From the results of the Feature Analysis section, it is clear that the predictors exhibit some levels of collinearity and interactions, violating the assumption of the additive models. Questions such as “will there be a difference in Total Amount between a trip beginning in Downtown and ending in JFK compared to a trip beginning in Uptown and ending in JFK?” can be answered with the interaction models, which introduce a \(\beta_*\) interaction coefficient vector and an interaction design matrix \(X_*\):

\[\log{(\text{Total amount})}=X\beta + X_* \beta_* + \varepsilon\] The interaction design matrix \(X_*\) can handle categorical – categorical, numerical – categorical, and numerical – numerical interactions. Note that for categorical interactions, the number of additional coefficients increases in proportion to the number of factor levels. Hence, the use of Area-level spatial resolution is significantly more computationally efficient than Zone-level resolution as the interaction between drop-off zones and pick-up zones can introduce up to 62500 terms in the model!

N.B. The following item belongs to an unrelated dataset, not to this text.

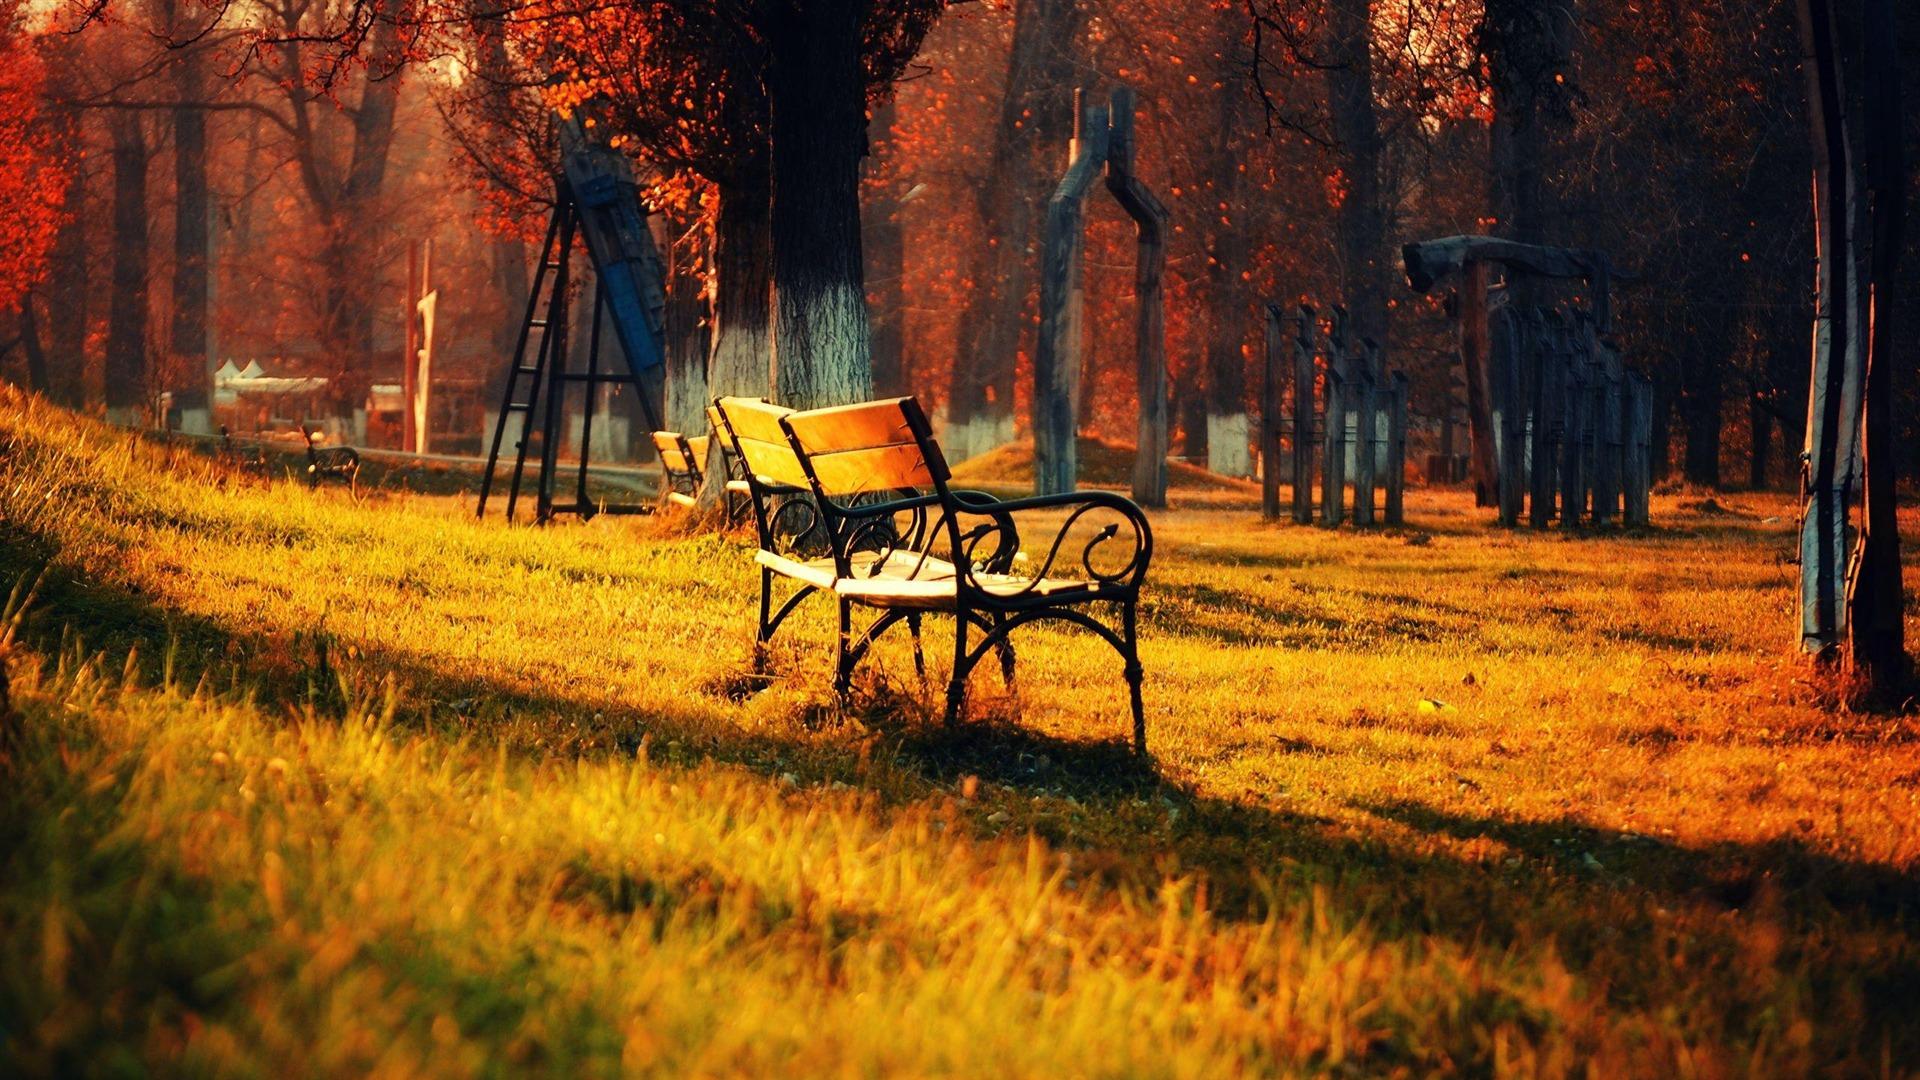 Autumn HD Widescreen Wallpaper - WallpaperSafari

2.4.3 Linear Mixed Models ²³

LMEs are also used to handle interactions between variables, by additionally modelling the effect of the numerical predictors as random variables (called “random effects”) for each factor level in some categorical predictors.

\[\log{(\text{Total amount})}=X\beta + Zu + \varepsilon\] For example, from the Feature Analysis section, the Total Amount for trips finishing at JFK and LGA is generally greater than other trips. This between-group relationship is captured by the fixed-effect coefficients in \(\beta\), which is similar to the classic LMs. However, among the trips finishing at JFK, the ones that begin from areas closer to JFK will have lower Total Amount than the ones begin from further areas. This within-group relationship is additionally modelled by the random-effect coefficients in \(u\), and \(Z\) is the design matrix for the within-group random effects.

LMEs are generally similar to the one-factor LMs. A random intercept LME begins with a different mean of Total Amount for each group, whereas a one-factor model implies that all groups have the same mean Total Amount (i.e., the intercept) and models the effect of being in a specific group on the intercept. Note that LMEs do not have a standard degrees-of-freedom measurement as it is effectively a nested LM within another LM.

2.4.4 Experimental Design

Table 3: Experimental design

A benchmark model M0 is first established by running an AIC-based stepwise feature selection on the largest-possible interaction model of all 4 predictors (Duration + TAT + PUArea + DOArea). As we are not interested in maximizing predictive power but rather the effect of each term in the model, the experimental design (Table 3) mostly considers models of a smaller scope than M0 (except for M9). The description column highlights the feature of interest in each model, as well as the type of model used (additive, interactive, or mixed model). The initial phase of model building is to investigate how closely the performance of the alternative models M1 – M9 come to the benchmark level, as well as comparing the performance level of related additive, interaction and mixed models to identify which one is most suitable to describe the relationship between each predictor and the target variable. The second phase of model building is to train the best model on the full training set, evaluate with the testing set and perform error analysis.

2.4.5 Model Selection Metrics

Akaike Information Criteria (AIC)

To compare performance between LMs and LMEs, the traditional goodness-of-fit measure R2 is not suitable due to the structure of LMEs. As such, the preferred metric for model comparison is Akaike Information Criteria (AIC), which is defined as

\[AIC=2*\text{Number of parameters} - 2\log{\hat{L}}\]

An advantage of AIC is that it deals with the trade-off between the goodness of fit of the model and the simplicity of the model by penalizing complex models. The lower the AIC of the model, the better it is in comparison to other models trained on the same dataset.

We also utilize Model Relative Likelihood – a generalized comparison ratio version of AIC, to compare each alternative model with the benchmark model M0.

\[MRL_i = \exp{\left(\frac{AIC(M_0)-AIC(M_i)}{2}\right)}\]

A MRL closer to 1 indicates that the model performs generally the same as M0, whereas a MRL=0 means that the model is comparatively different from M0.

Root Mean Squared Error (RMSE)

Each model will also be evaluated with predictive performance based on its prediction of the testing set. The traditional Root Mean Squared Error (RMSE) is calculated for each model. For the current regression task, the lower the value of RMSE, the better the model performs.

\[RMSE = \sqrt{\frac{1}{N_\text{test}}\sum_1^{N_\text{test}}({\text{Predicted}-\text{Actual}})^2}\]

Note that the reported RMSEs have been exponentially transformed so that they can be interpreted as the actual differences from the actual Total Amount in dollar values.

Gałecki, A., & Burzykowski, T. (2013). Linear mixed-effects model. In Linear Mixed-Effects Models Using R (pp. 245-273). Springer, New York, NY.↩︎